An 18-year-old has spent the night outside the Office of the Prime Minister in protest over the authorities' decision to close the ports and bar entry to rescued migrants.
Xandru Cassar, who started the protest on the steps of Auberge de Castille with another young person, Lara Mohnani, on Easter Sunday, said that he wanted to bring attention to the "suffering and danger of the lives of those who are stranded at sea".
"We're here, on Easter Day, because Malta has condemned men, women, and children to death for the crime of escaping death in the first place," the Maltese teenager wrote.
"Societies affirm their values in the state of exception. We've been applauding nurses for these past weeks, but now our nation's title of the 'Nurse of the Mediterranean' is called into question."
"Will Malta condemn innocent souls to the slaughter?"
Malta was described as being the 'nurse of the Mediterranean' when it took in hundreds of troops rescued in the Gallipoli campaign in the first world war.
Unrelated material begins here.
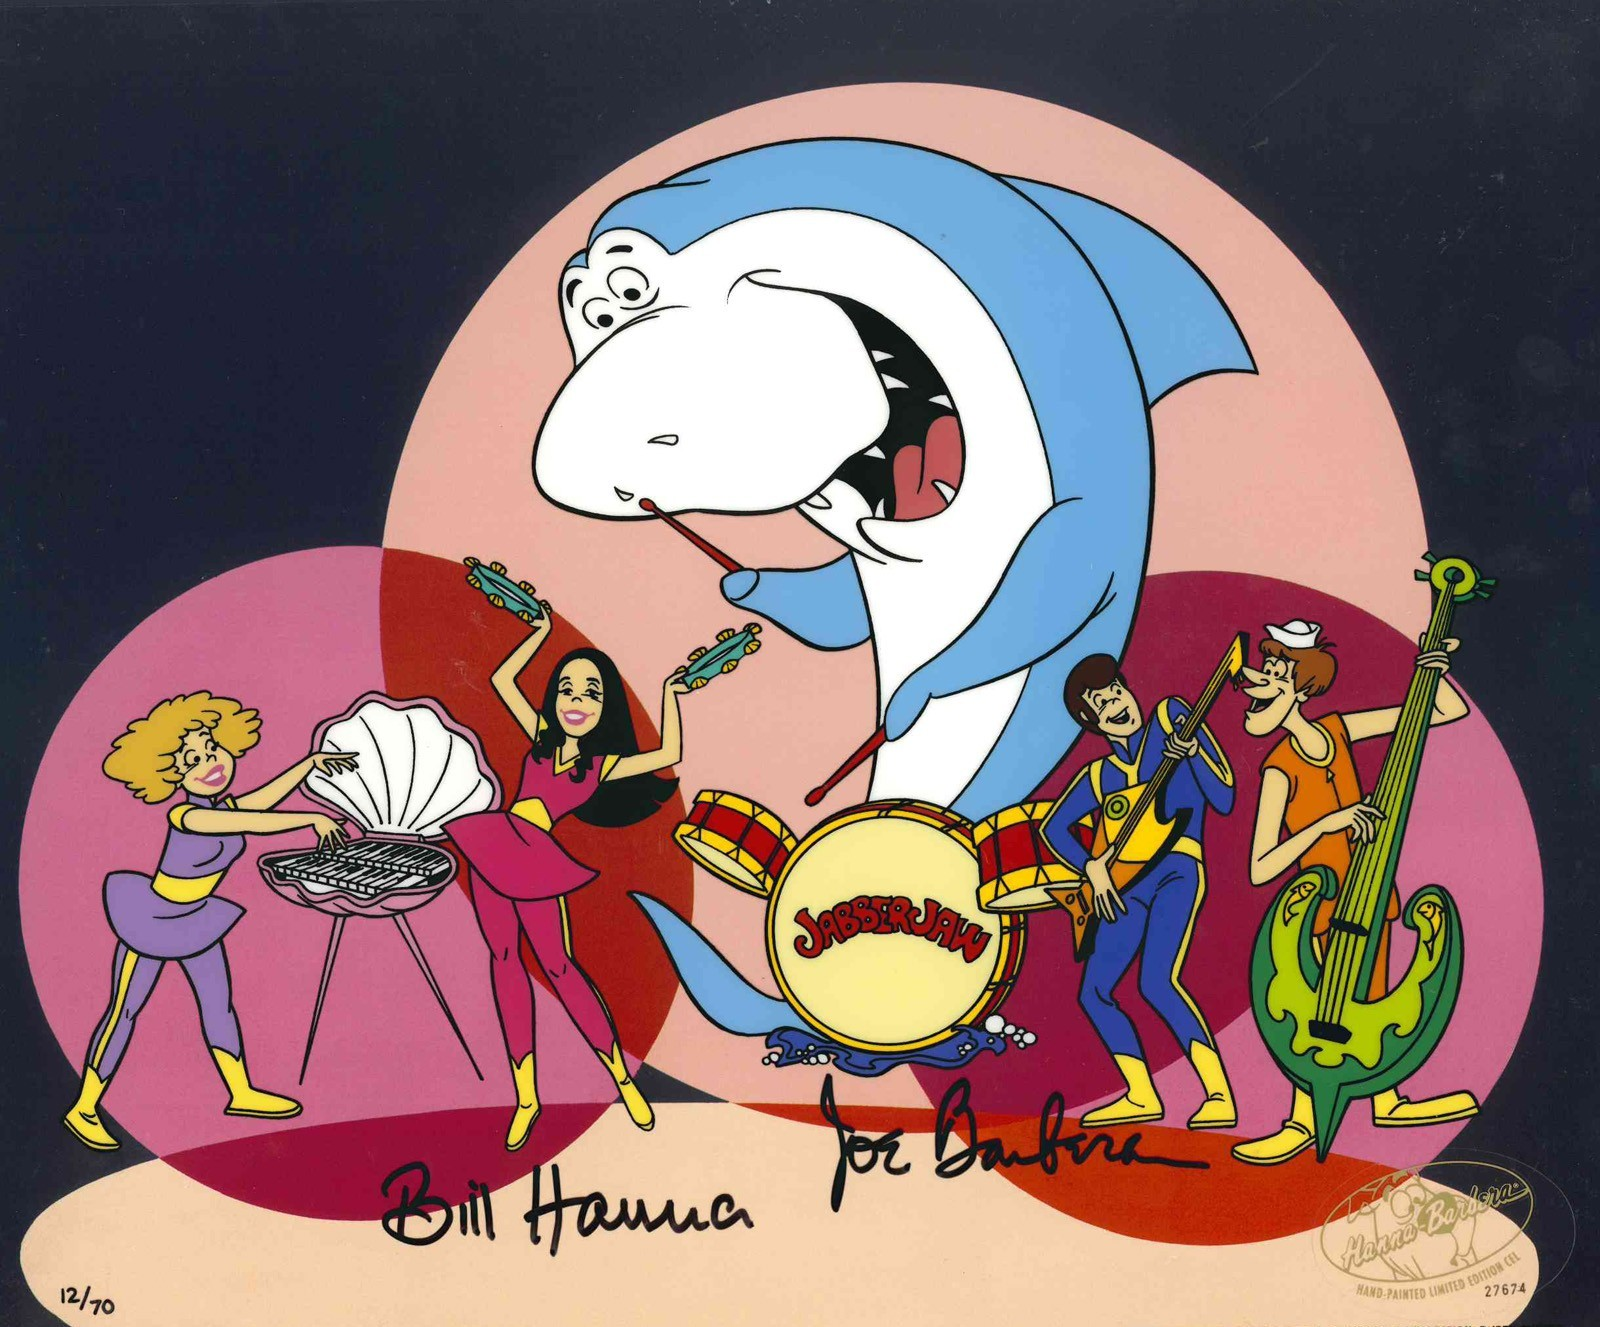 Tutubarão e a banda Os Netunos. (Foto: Divulgação / Hanna-Barbera)

The title was revived during the time of the Libyan uprising that toppled Muammar Gaddafi, when hundreds of workers were evacuated to Malta.
Cassar received an outpouring of support for his cause online and had a few surprise visitors to boost his morale, all while adhering to social distancing rules.
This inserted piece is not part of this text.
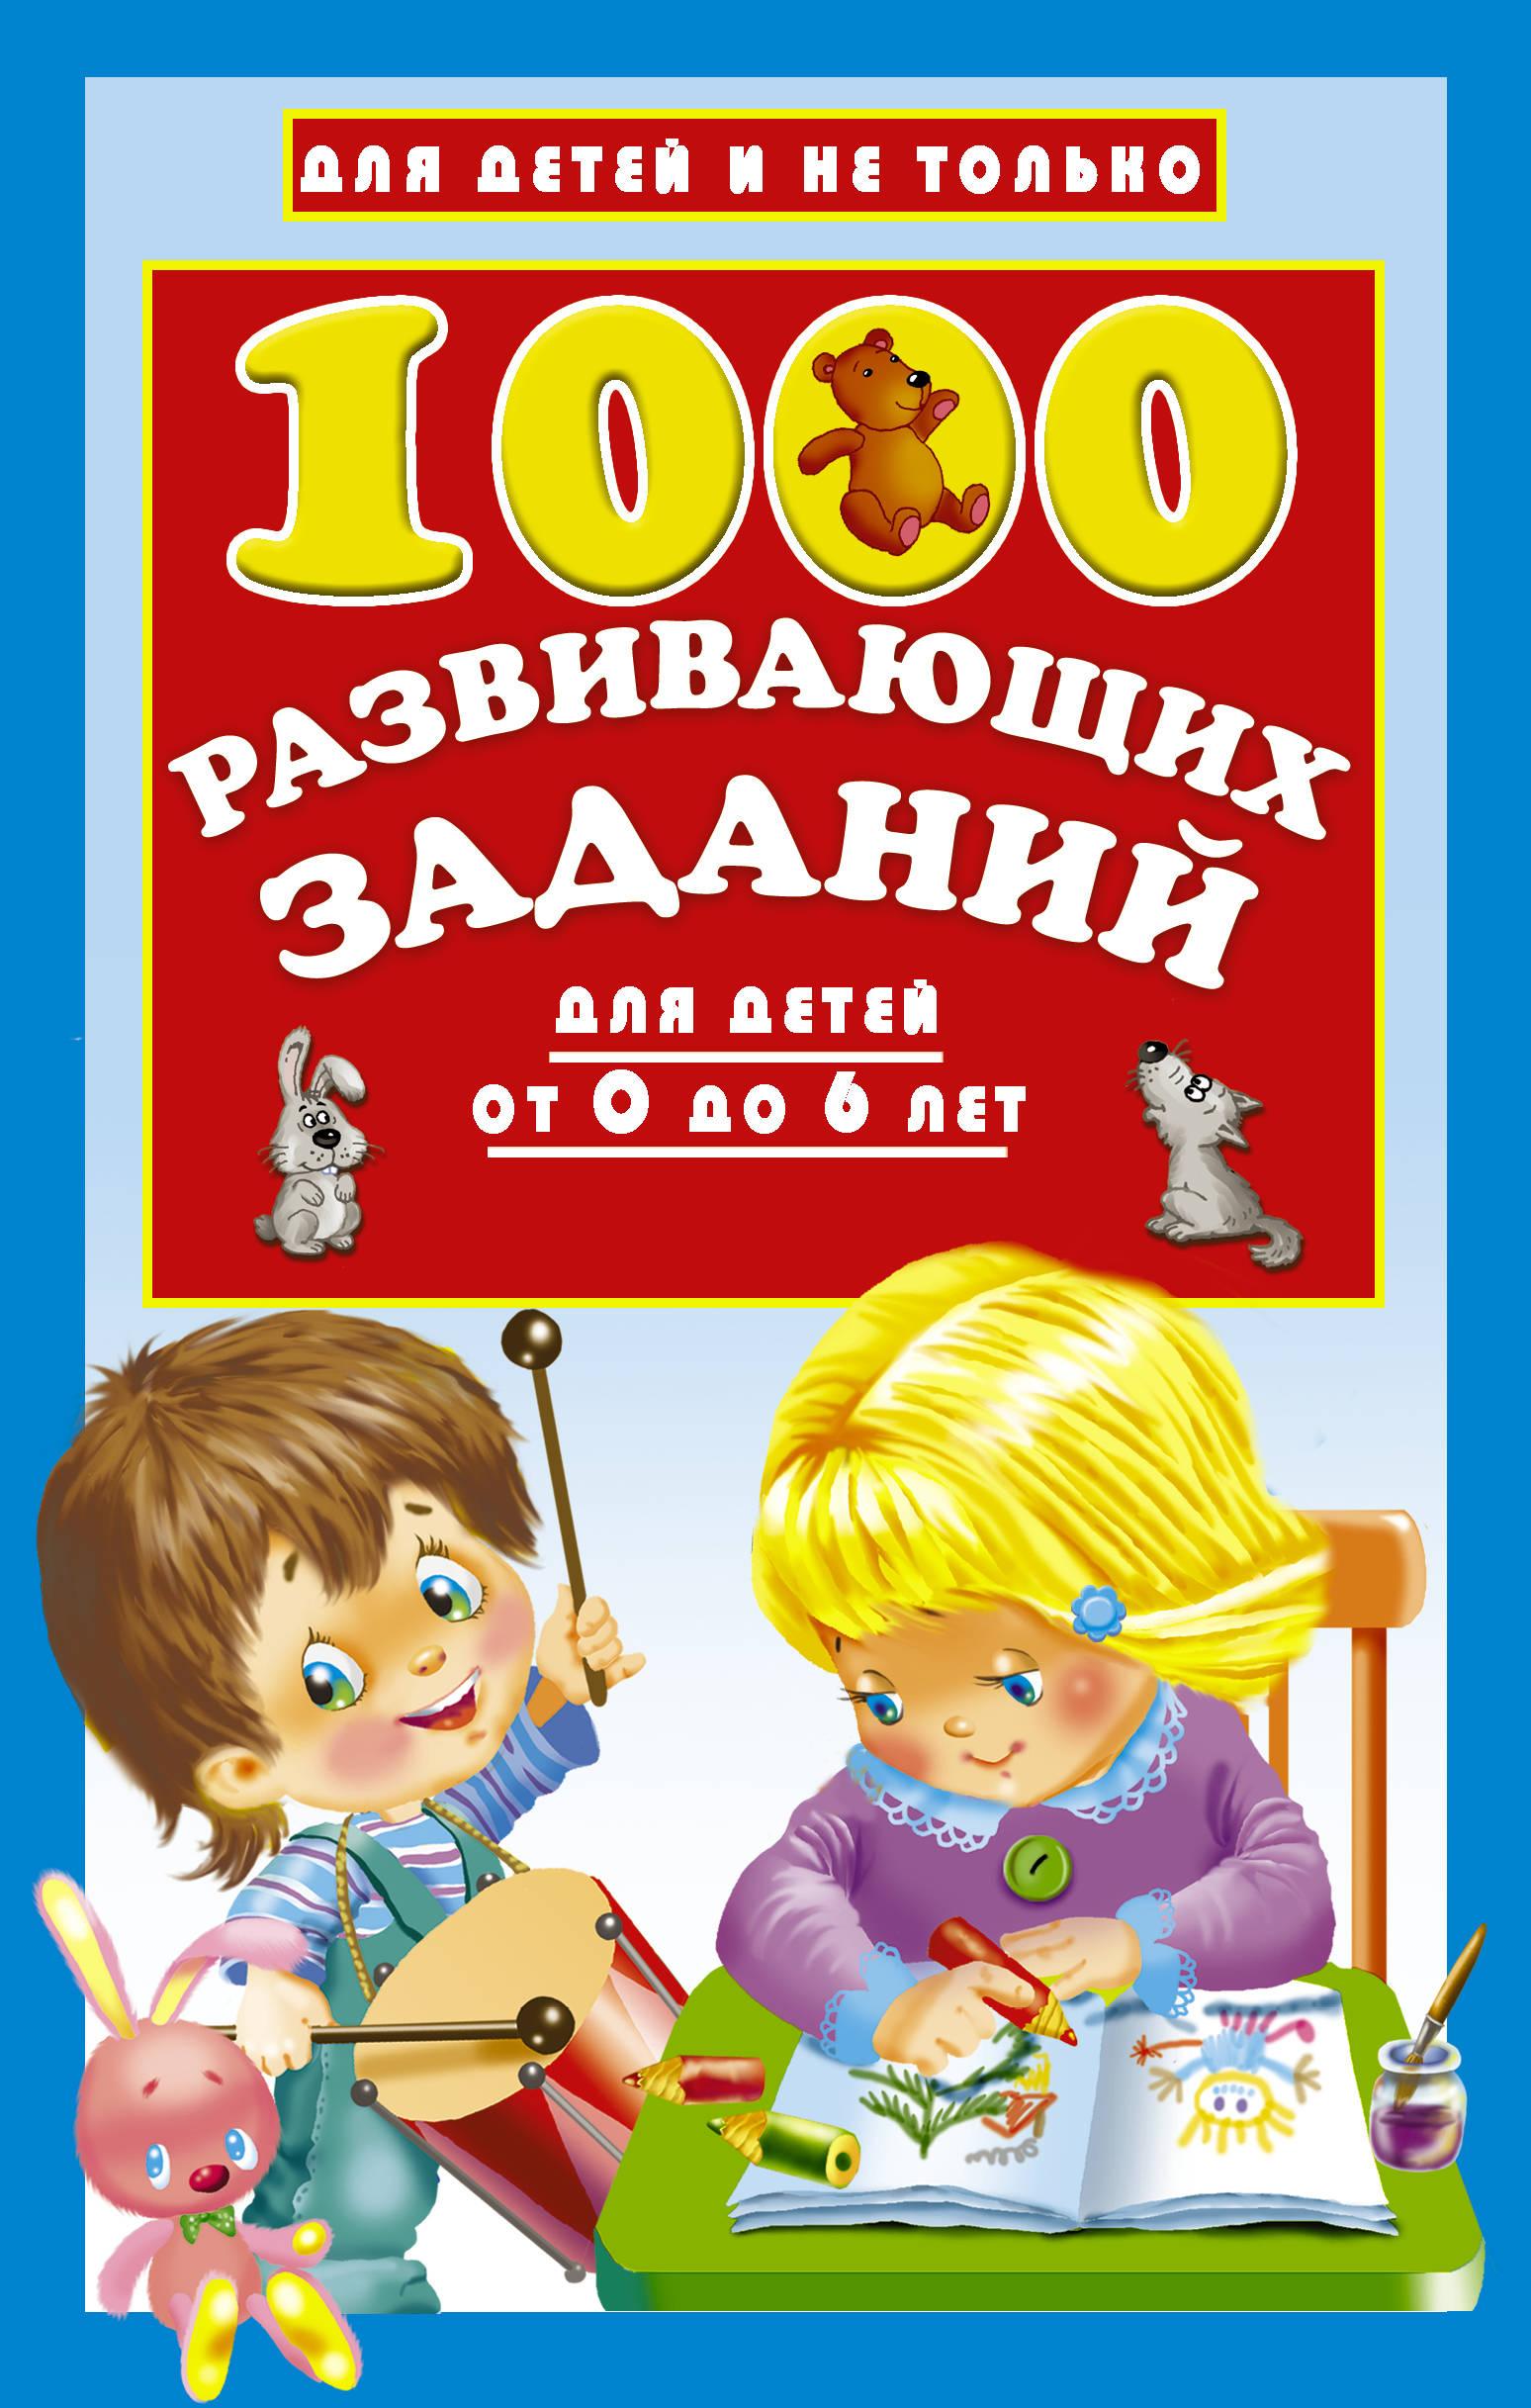 Дмитриева ВГ 1000 развивающих заданий для детей от 0 до 6 лет

Posting an update early on Monday morning, the university student said, "They're still at sea, I'm still here."
Cassar told Times of Malta that he considered himself to be an active citizen and is no stranger to protests.
“I’ve always done what i feel I should do, and that’s what i’m doing right now, any deed I could undertake, especially for the good of my country and other people, that is what I want to do,” Cassar said.
While no government officials have tried to approach or speak to Xandru, earlier Prime Minister Robert Abela arrived at Castille, where Cassar tried to approach him.
“I tried to hand him a piece of paper. It says: 'I am here to repeat my message to the Maltese government; people who are caught at sea right now should be brought to a safe port as soon as possible'.
“He just said, ‘Grazzi Xandru’, and ran up the stairs, and that is the closest I have gotten to speaking to any officials.”
Xandru says he is grateful for the company of his visitors, and says that it gives him hope that the voice of compassion is strong, no matter how noisier the voices of intolerance are.
“More than personal motivation, on a broader level it makes me feel that there are still people who put humanitarian causes first and it's a shame that we have to be in these circumstances for these distinctions to be made clear.
On Thursday, the government declared ports closed and said it could not guarantee rescue missions as resources were stretched by the COVID-19 pandemic.
NGOs have claimed that that there are over 250 people adrift at sea on four boats.
Prime Minister Robert Abela defended the decision to close the ports on Sunday, saying it was not racially motivated. One could not have migrants brought to Malta when all travel was banned, including most travel between Malta and Gozo, he said.
On Monday EU border agency Frontext told Times of Malta that it was searching for a boat that had gone missing between Malta and Libya.